00:59:57   I couldn't.

00:59:59   My love for small laptops apparently is inverted into large iPads.

01:00:03   I don't know how that happened.

01:00:05   But small laptops and large iPads are basically the same kind of size, right?

01:00:10   You're meeting in the middle.

01:00:11   I have a strong preference for the 11-inch MacBook Air over the 13 and yet now I use

01:00:15   a 13-inch, essentially, iPad.

01:00:17   I don't know what happened there.

01:00:18   Shh, don't think about it, Jason.

01:00:20   It's confusing.

01:00:21   Very confusing.

01:00:22   - This has actually turned into my family computer now,

01:00:27   because it's kind of unnecessary for my wife and I

01:00:31   to share our laptops and just inconvenient,

01:00:34   and I know that iOS is sort of counterintuitive

01:00:37   to having a family share it,

01:00:40   but it's just so great to move it everywhere,

01:00:43   and it feels like my home iPad.

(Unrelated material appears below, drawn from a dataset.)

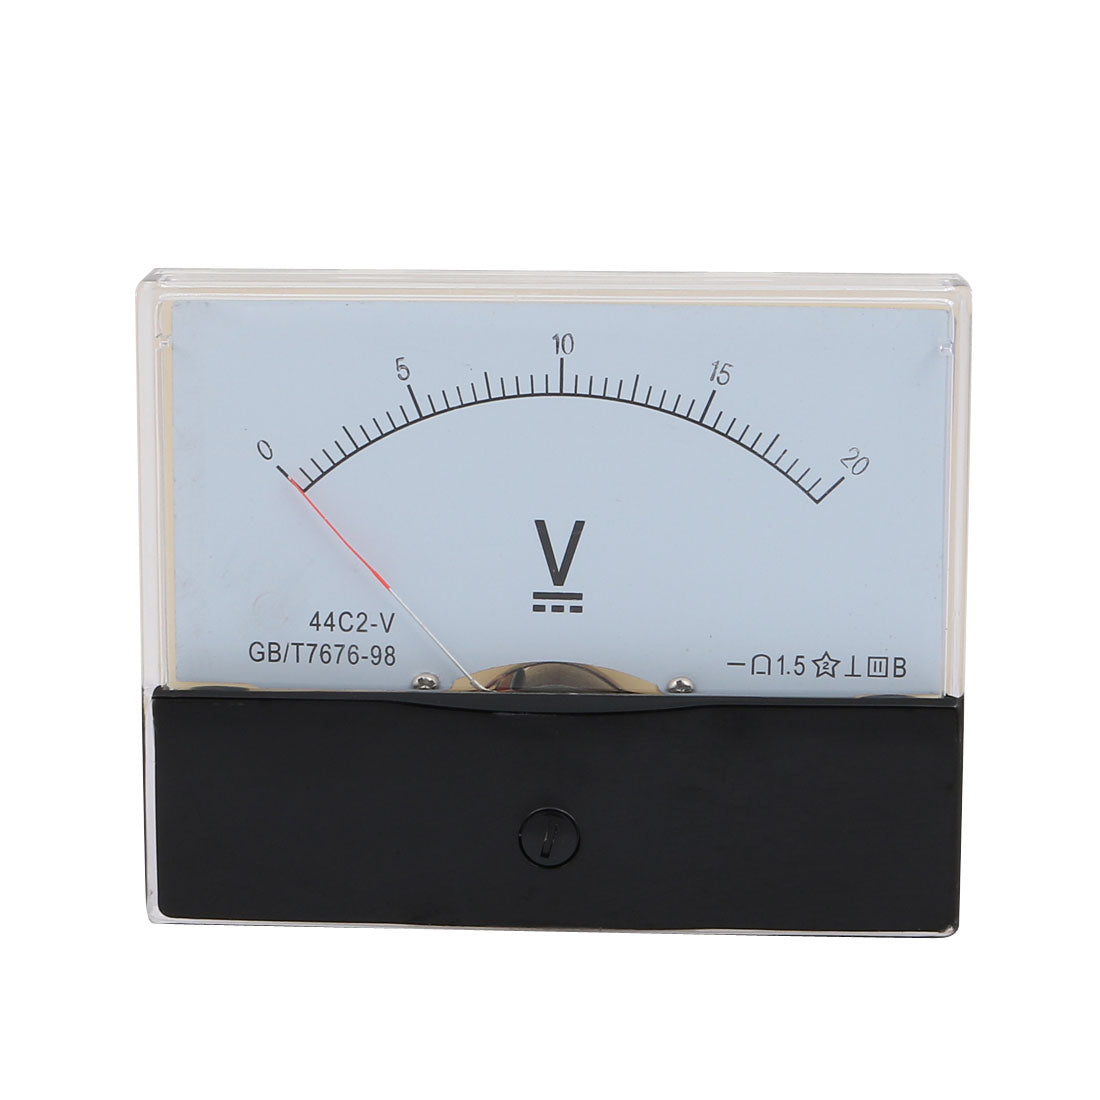 uxcell Uxcell Rectangle Measurement Tool Analog Panel Voltmeter Volt Meter DC 0 - 20V Measuring Range 44C2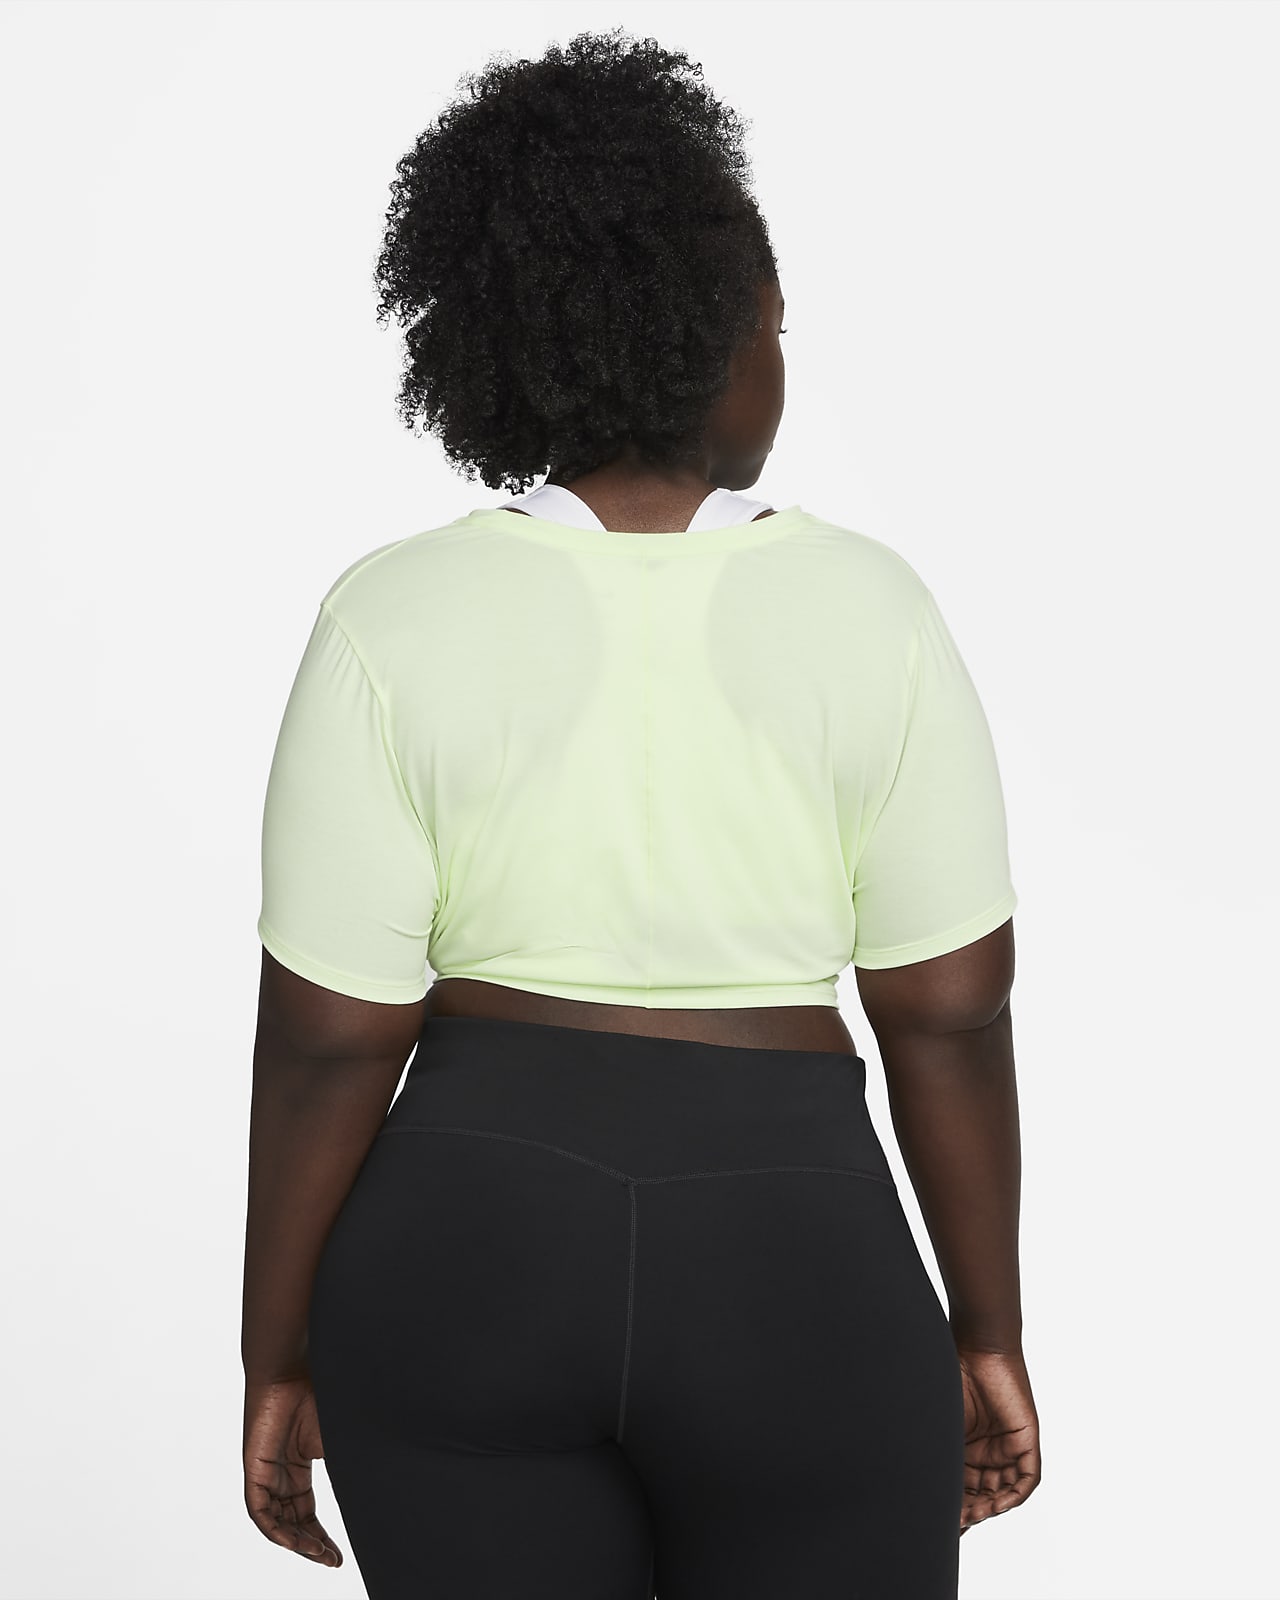 Nike Dri-FIT One Luxe Women's Standard Fit Short-Sleeve Twist Top (Plus  Size)

01:00:46   And I don't know, it's this weird soft spot

01:00:52   that I initially held it and thought I was going to return it

01:00:56   and thought no way, this is just too much.

01:00:59   But it's still kind of my main note-taking computer

01:01:02   and it is how I just completely changed,

01:01:07   it changed the way I thought about iOS

01:01:10   and also it really clicked like okay,

01:01:13   now I am the old person and this is the future.

01:01:17   This is the iPad long game.

01:01:19   - Yeah, I was so glad when they came out

01:01:20   with a bigger iPad because I always felt like,

01:01:22   I mean, when they came with the iPad,

01:01:23   there was this promise before they introduced it

01:01:25   of like, what could iOS or iPhone OS or whatever be,

01:01:28   what would it be like on a bigger screen,

01:01:29   like a tablet-sized screen?

01:01:30   And when they came out with the iPad

01:01:31   and it was so similar to the phone, it's like,

01:01:33   ah, seems like they're leaving money on the table here.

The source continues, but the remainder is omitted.